── Given data
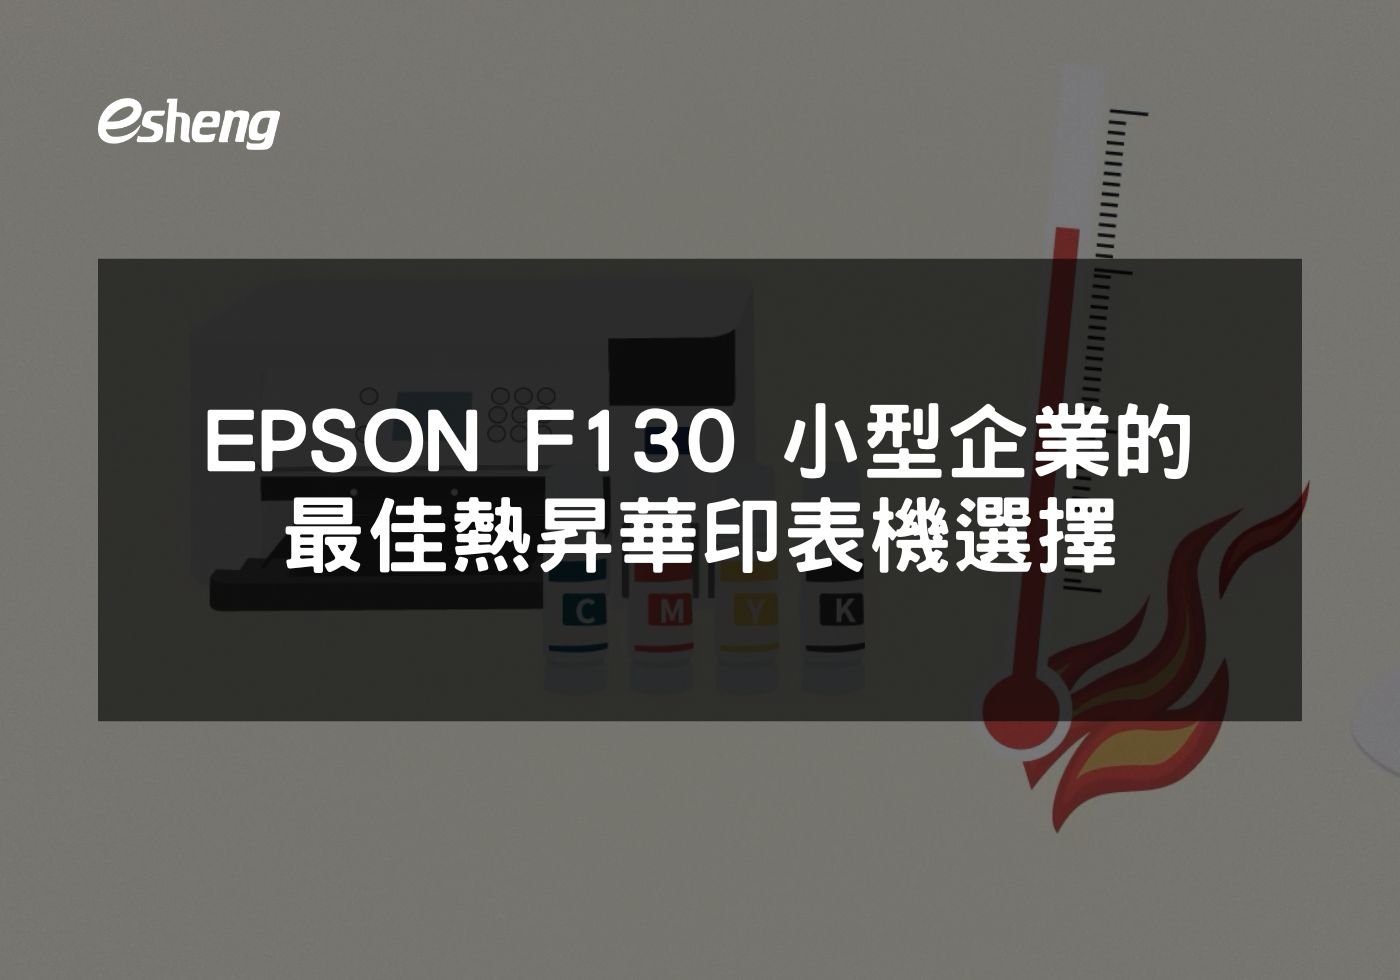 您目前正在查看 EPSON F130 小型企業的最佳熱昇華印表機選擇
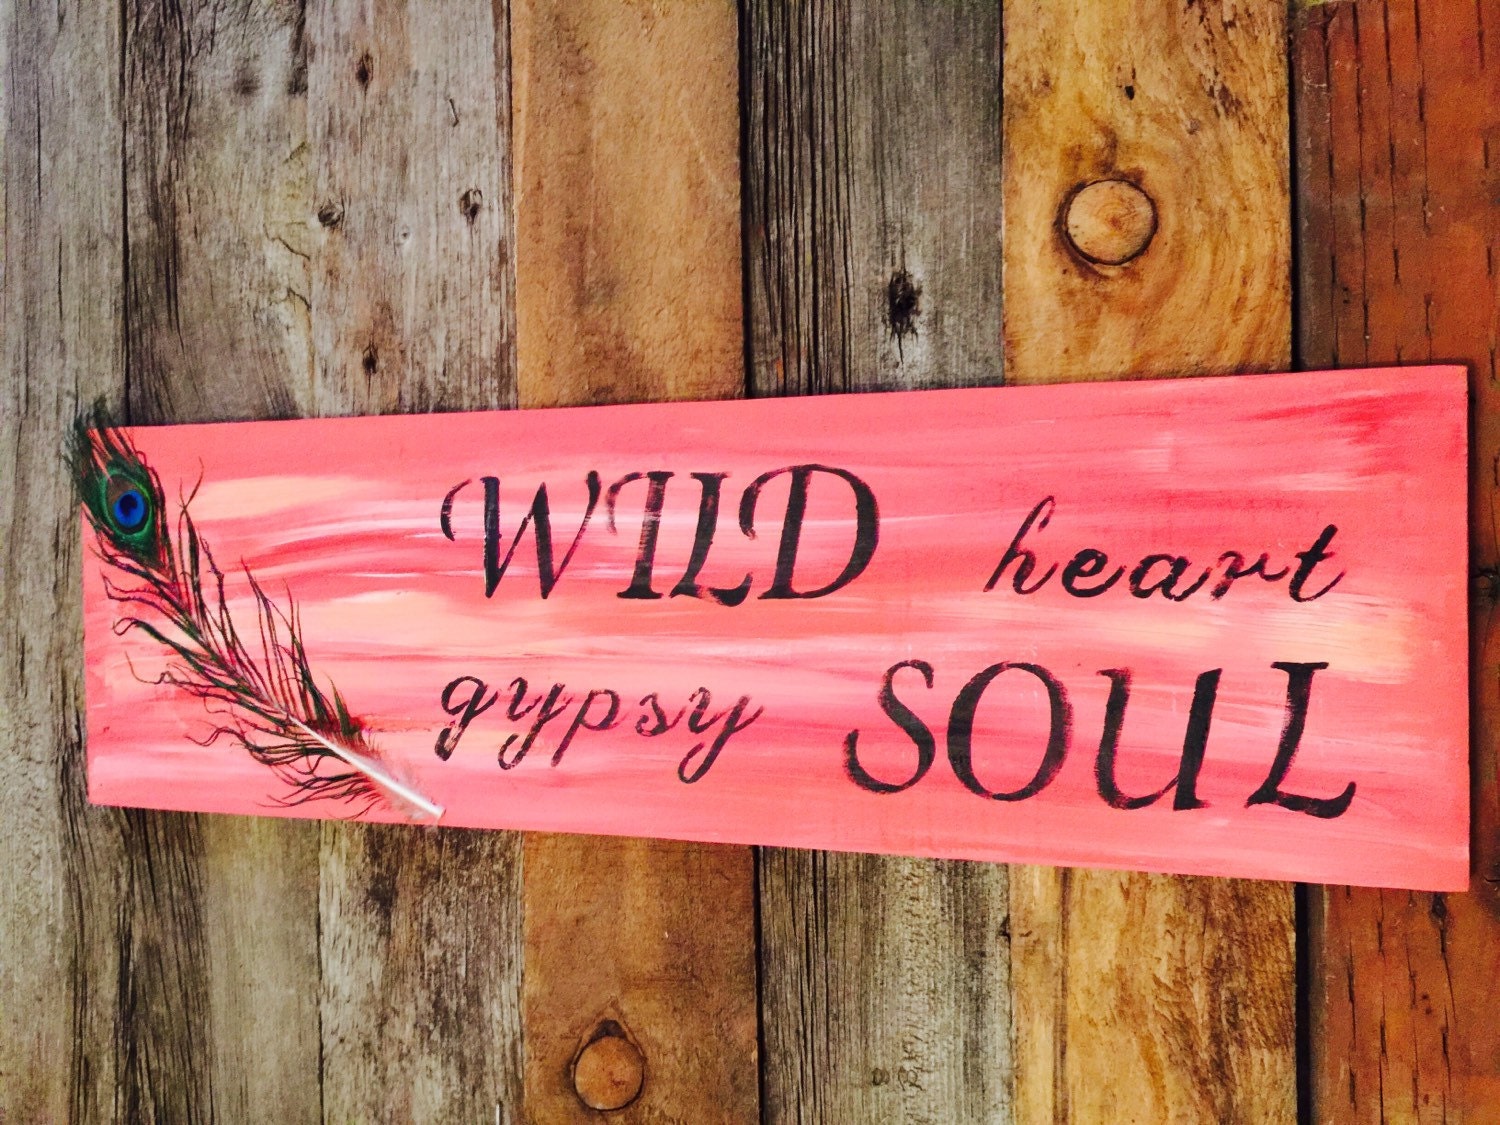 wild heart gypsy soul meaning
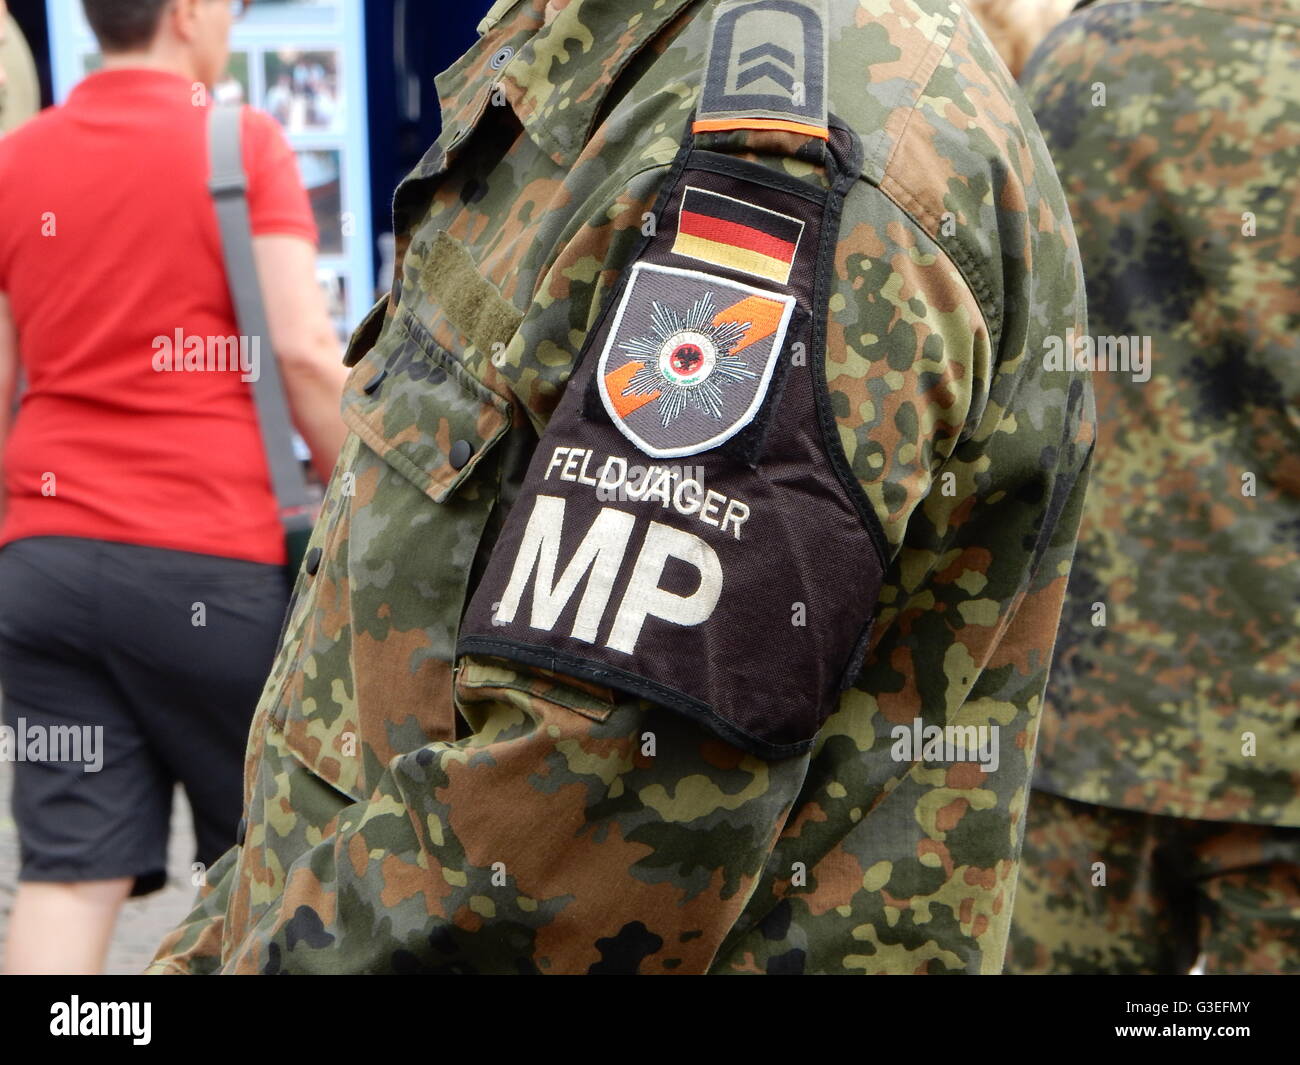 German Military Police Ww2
────
#### Assigned task:
Would you return the data above exactly as written, minus the images?

#### Reply:
 您目前正在查看 EPSON F130 小型企業的最佳熱昇華印表機選擇
 wild heart gypsy soul meaning
 German Military Police Ww2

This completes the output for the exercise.